Nor would Indiana procedural rules offer Richard any refuge even if they applied. Indiana Rule of Trial Procedure 23.1 echoes the requirements of the federal rule, providing that a derivative complaint “shall allege that the plaintiff was a shareholder or member or holder of an interest, legal or equitable, in such shares or membership at the time of the transaction ․ or that his share or membership thereafter devolved on him by operation of law.” Neither the federal nor the state rule contemplates an action by a non-member director with no legal or beneficial interest in the corporation.
2. Policy Concerns
Lacking a legal basis for his theory of derivative standing, Richard invokes public policy concerns. He argues that a rule barring directors from pursuing derivative claims on behalf of memberless nonprofit corporations would “allow for a wrong without a remedy.” He adds that the “logical extension of defendants' argument would leave the [Corporation] with no recourse for a director's fraud or even embezzlement.”
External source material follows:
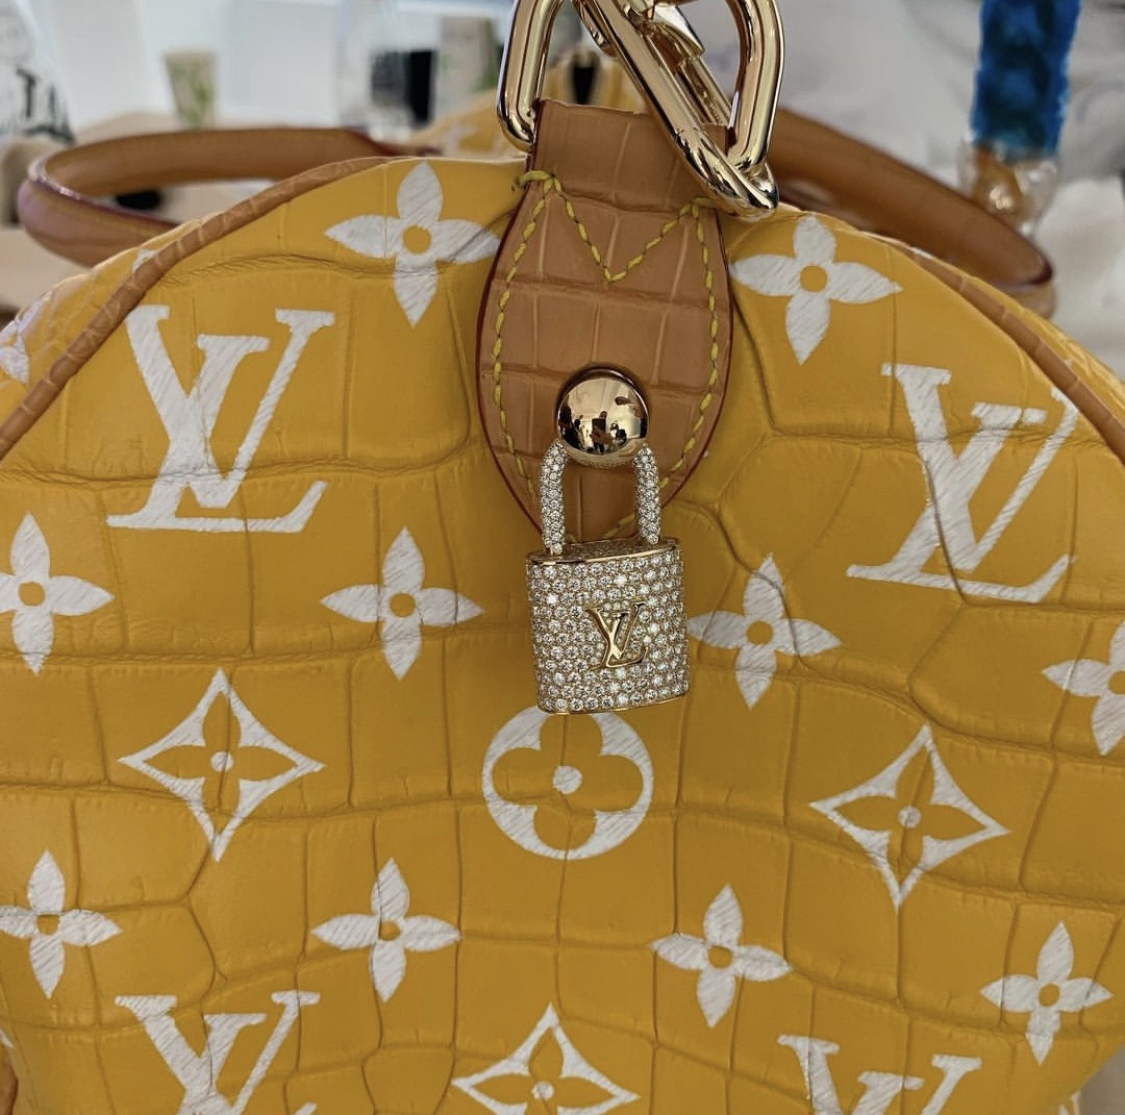 LV Most expensive bag ever? Millionaire Speedy! 🤯 #lvbag #lvcollection  #pharrelwilliams #lvpharrell

The argument overlooks a number of other remedies that are less susceptible to private misuse. The Nonprofit Corporation Act authorizes a variety of mechanisms (including two that Richard himself invokes in support of his individual claims) to address such issues as deadlock or director misconduct. For example, the Act authorizes suit by a director or by the attorney general to enjoin corporate acts where third parties have not acquired relevant rights. Ind. Code § 23-17-4-4(b). The Act also authorizes suit by the corporation itself or by ten percent of members of a voting class to remove a director who engages in specified misconduct, such as fraud or gross abuse of discretion. § 23-17-12-13. The Act provides for administrative dissolution if the secretary of state receives credible evidence that the corporation is engaging in illegal or ultra vires acts. § 23-17-23-1(5). It also provides for judicial dissolution in an action brought by the attorney general if the corporation abuses its authority, § 23-17-24-1(a)(1)(B), or in an action brought by a director or a small consortium of members if the directors are deadlocked or engaged in illegal, oppressive, or fraudulent conduct, § 23-17-24-1(a)(2)(A)–(B). And the Act empowers the attorney general to request a variety of remedies in addition to dissolution, including injunctive relief and the appointment or removal of trustees, officers, or directors. § 23-17-24-1.5(b). These provisions are only illustrative; the Act authorizes additional remedies. The point is simply that the absence of a non-member director's derivative action would not leave memberless nonprofit corporations (like the Corporation here) without legal protection from wrongdoing by directors or others.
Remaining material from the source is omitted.